The **seine** package allows researchers to perform modern ecological inference
quickly, accurately, and transparently.
- **Double/debiased machine learning** allows for controlling for confounding
covariates, which increases the plausibility of identifying assumptions.
Machine learning can be used to estimate the key regression model and avoid
strong parametric assumptions made by existing EI methods.
- **Sensitivity analysis** and **benchmarking** let researchers understand how
violations of their assumptions will affect results.

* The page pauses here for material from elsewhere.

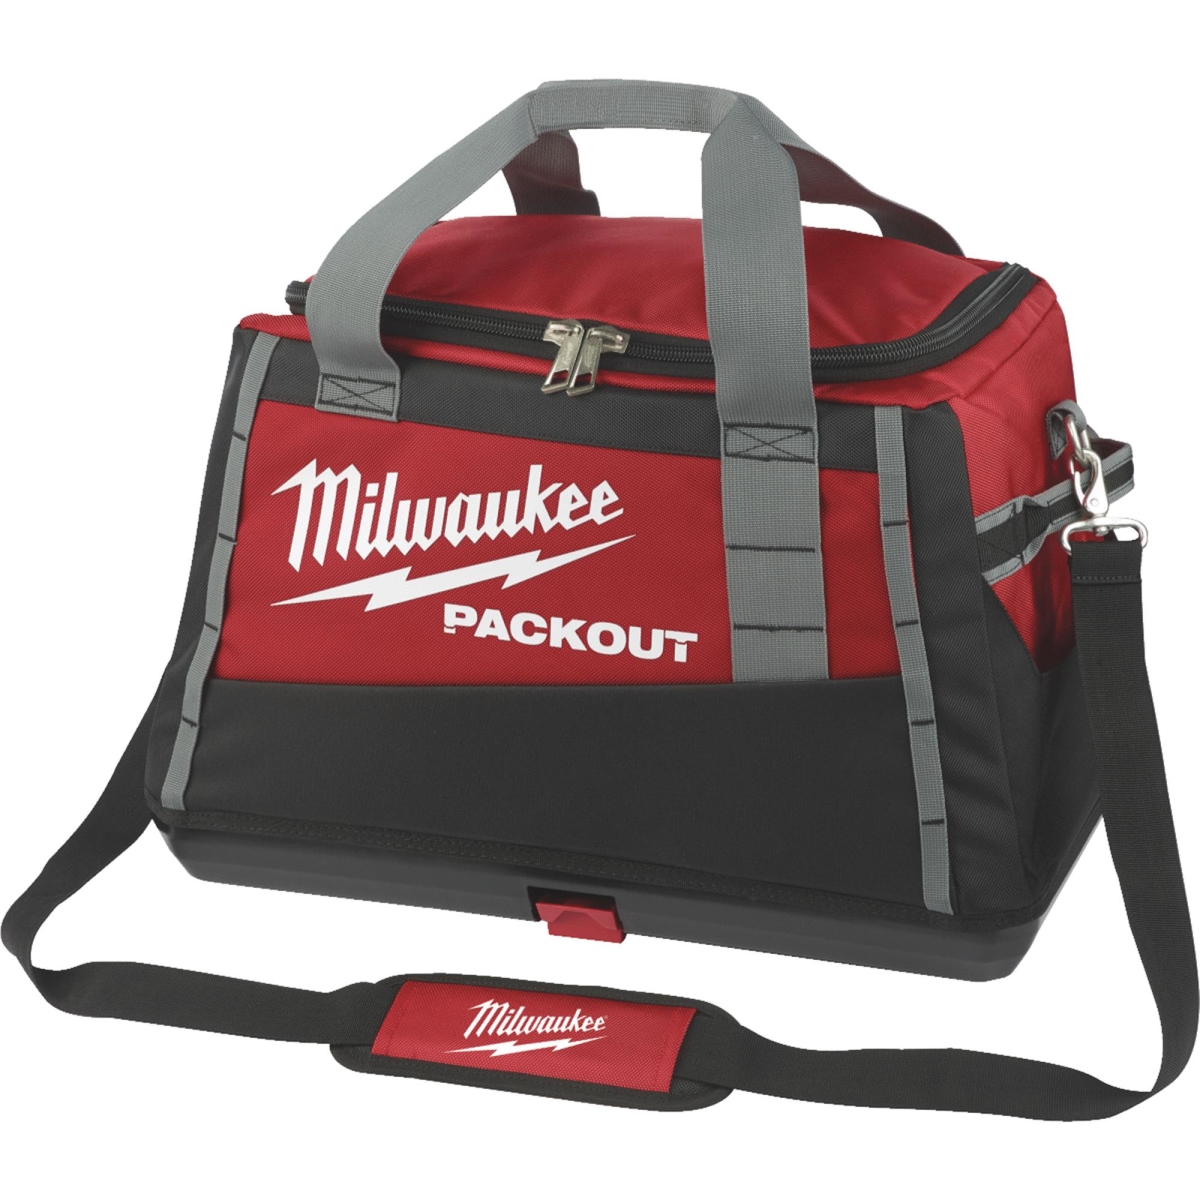 251907 20 In. Packout Tool Bag

- A **tidy interface** makes the package modular and easy to use, and works well
with pipe-based workflows.
- **Minimal dependencies** and efficient estimation routines keep everything
**fast** and lightweight.
## Installation
You can install the development version of **seine** with
``` r
remotes::install_github("CoryMcCartan/seine")
```
## Example
The package contains county-level data from the 1968 U.S. presidential election
for southern states, where Hubert Humphrey (Democrat) ran against Richard Nixon
(Republican) and George Wallace (independent; segregationist).

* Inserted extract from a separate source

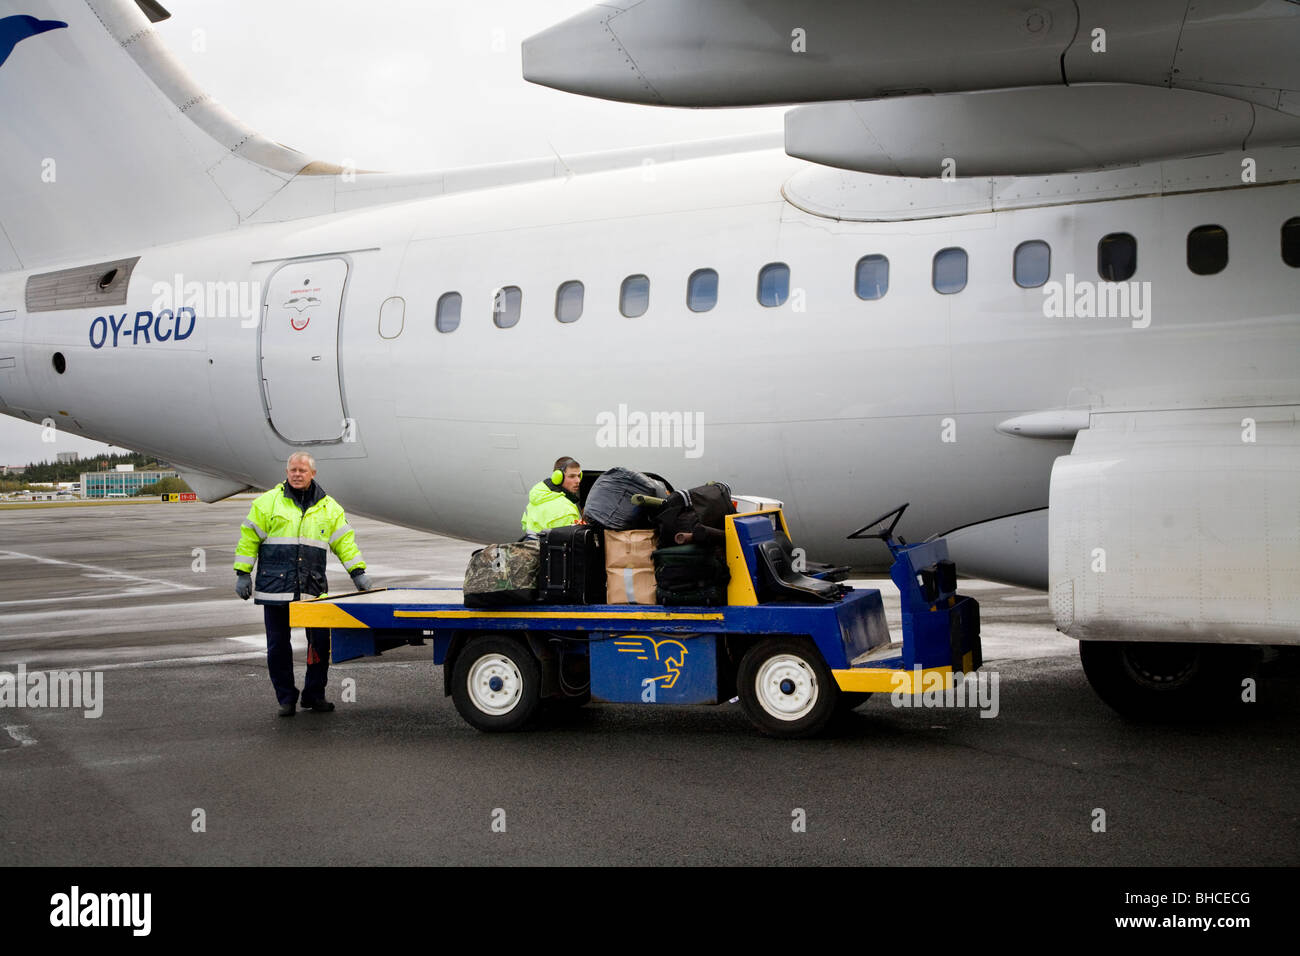 Workers unloading luggage at Reykjavik airport, Iceland. Stock Photo

In this data, one might be interested in estimating vote choice by race.
To do so, **seine** provides both a formula interface and a tidy interface
through a new `ei_spec()` object. Here, we'll demonstrate the latter.
```{r}
library(seine)
data(elec_1968)
spec = ei_spec(
elec_1968,
predictors = vap_white:vap_other,
outcome = pres_dem_hum:pres_ind_wal,
total = pres_total,
covariates = c(state, pop_city:pop_rural, farm:educ_coll,
inc_00_03k:inc_25_99k)
)
m = ei_ridge(spec)
rr = ei_riesz(spec, penalty = m$penalty)
ei_est(regr = m, riesz = rr, data = spec, conf_level = 0.95)
```
This workflow is explained in more detail on the [Get Started](https://corymccartan.com/seine/articles/seine.html)
page, along with demonstrations of data preprocessing and sensitivity analysis.
## Name
In addition to being an acronym for "semiparametric ecological inference,"
**seine** (pronounced SAYN) refers to a type of fishing net, which is used to
catch fish like tuna in aggregate. A net also is visually similar to the
tomography lines which are commonly used to visualize the interaction of the
latent data and the accounting identity in 2×2 ecological inference.